What I was surprised to learn is that many fans think the Book Fair is a great place for writers to make money. It is not. Proceeds from book sales at the Kentucky Book Fair go to support the fair and to provide grants to state libraries. Authors are donating their time, traveling at their own expense, and working hard to make this event a success.

I am proud to be a part of the Kentucky Book Fair. Last year the fair had more than 5000 visitors. More than $150,000 was spent on books. All proceeds of the fair went to pay the expenses of running the event and fund such worthy projects as increasing student literacy, providing social science books to an elementary school library, buying high interest books for reluctant readers, and adding a biography section to a rural library.

The organizers of the Kentucky Book Fair must choose between dozens of needy libraries to award a hand full of grants. Last year, only seven grants were issued for the kind of projects listed above. Those seven libraries are the lucky ones. In my hometown the public library is a new addition. It is not large, well funded, or likely to survive without support from the reading public.

If you are in Kentucky, come out, buy a book or two from your favorite Kentucky author and help us keep Kentucky reading.

Tuesday, November 02, 2010

A First Novel at Magna cum Murder XVI

Magna cum Murder XVI is behind us. I have had a solid night's sleep to clear my head. It is time to put down a few thoughts about what it was like to be at Magna with a first novel. The fans were awesome. They packed the room for the First Novel panel and asked great questions about the plot, characters, and the history behind Circle of Dishonor. Some of them sought me out to ask more questions later in the day. A few even came to the next panel with me just to hear more about my writing. It was a great way to start the day.

After lunch I did my first TV interview. That's an interesting experience. I had never sat down with a talk show host and answered questions before. It went very fast. Nancy Carlson, the host of "Voices in Mystery," is very good at putting her guests at ease. I am looking forward to seeing the results of my interview when the show airs in February.
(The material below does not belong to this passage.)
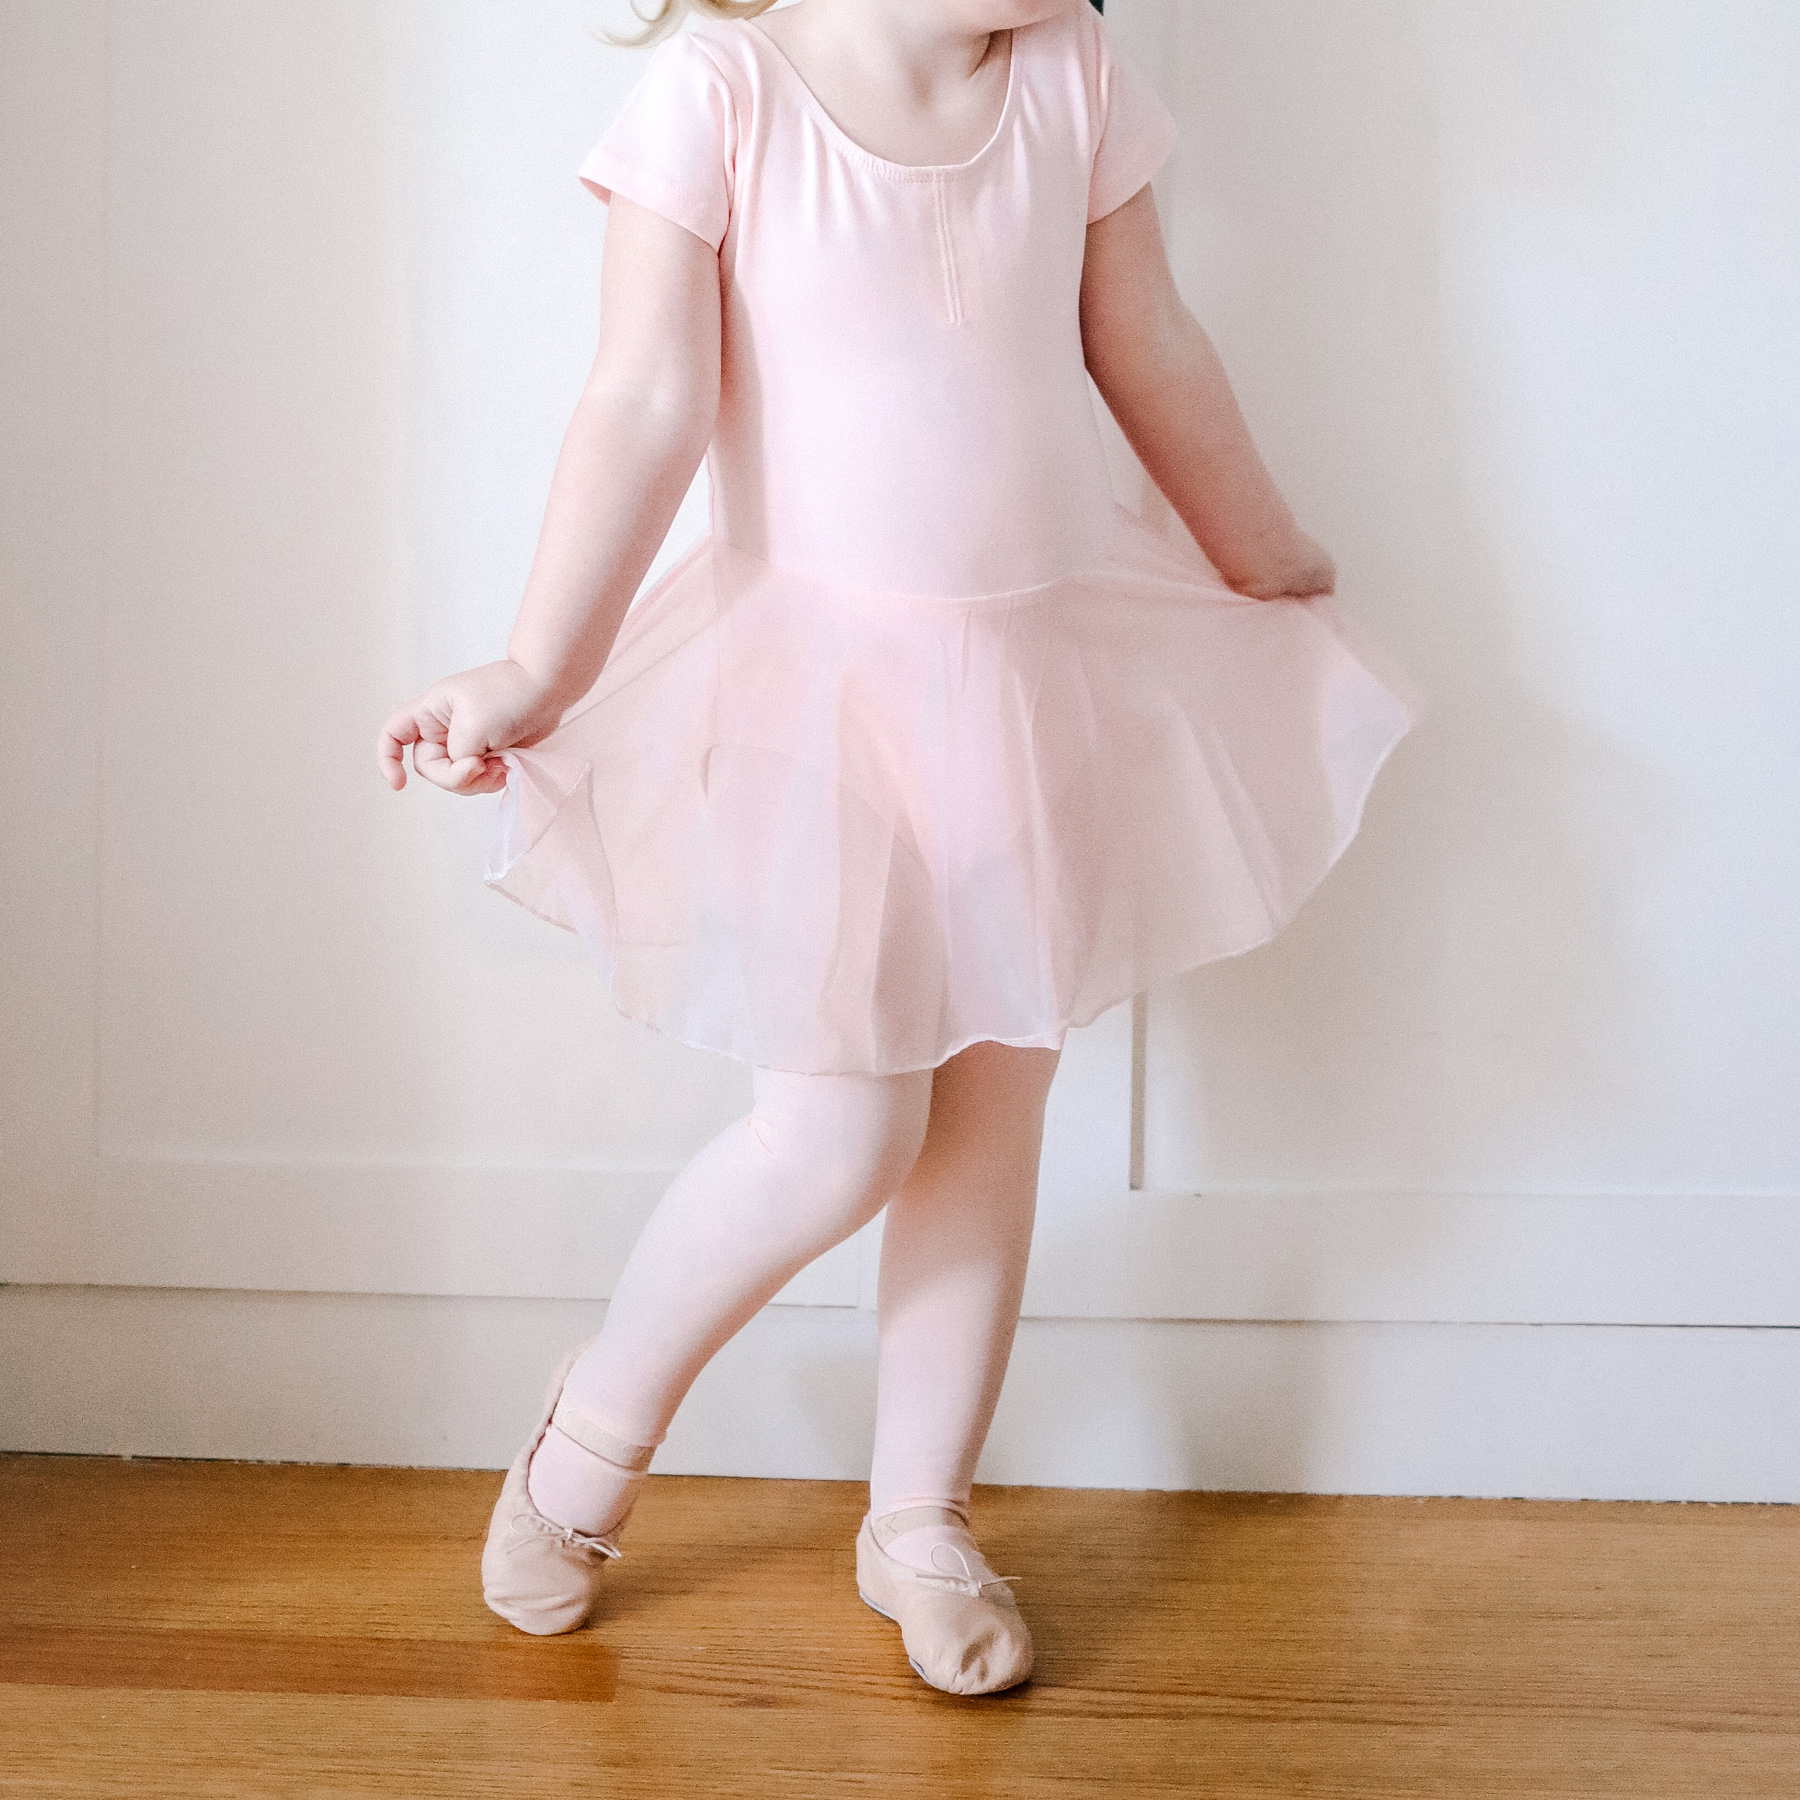 infant ballet outfit

One of the things I liked best about attending Magna is that the conference is intimate enough to allow authors and fans to have excellent conversations. It is wonderful to sit and talk to writers that understand the problems in the industry and the ins and outs of promoting a new book. It was also great to meet authors that I hadn't seen before and talk about books, writing, publishing, and anything else that came up.

Saturday night's costume party was a lot of fun. I really enjoyed dressing as Baby Face Nelson, and Sarah was outstanding as Gangster Moll Darla. It could have turned to gangster war when the two of us were beat out for best costume by Bonnie and Clyde. We was robbed! I contend that the real Bonnie never wore skirts that be fair, I don't think the original Bonnie had legs as good as her 21st Century fan. I could be wrong though. Bonnie wasn't in the habit of showing her legs to everyone in the room.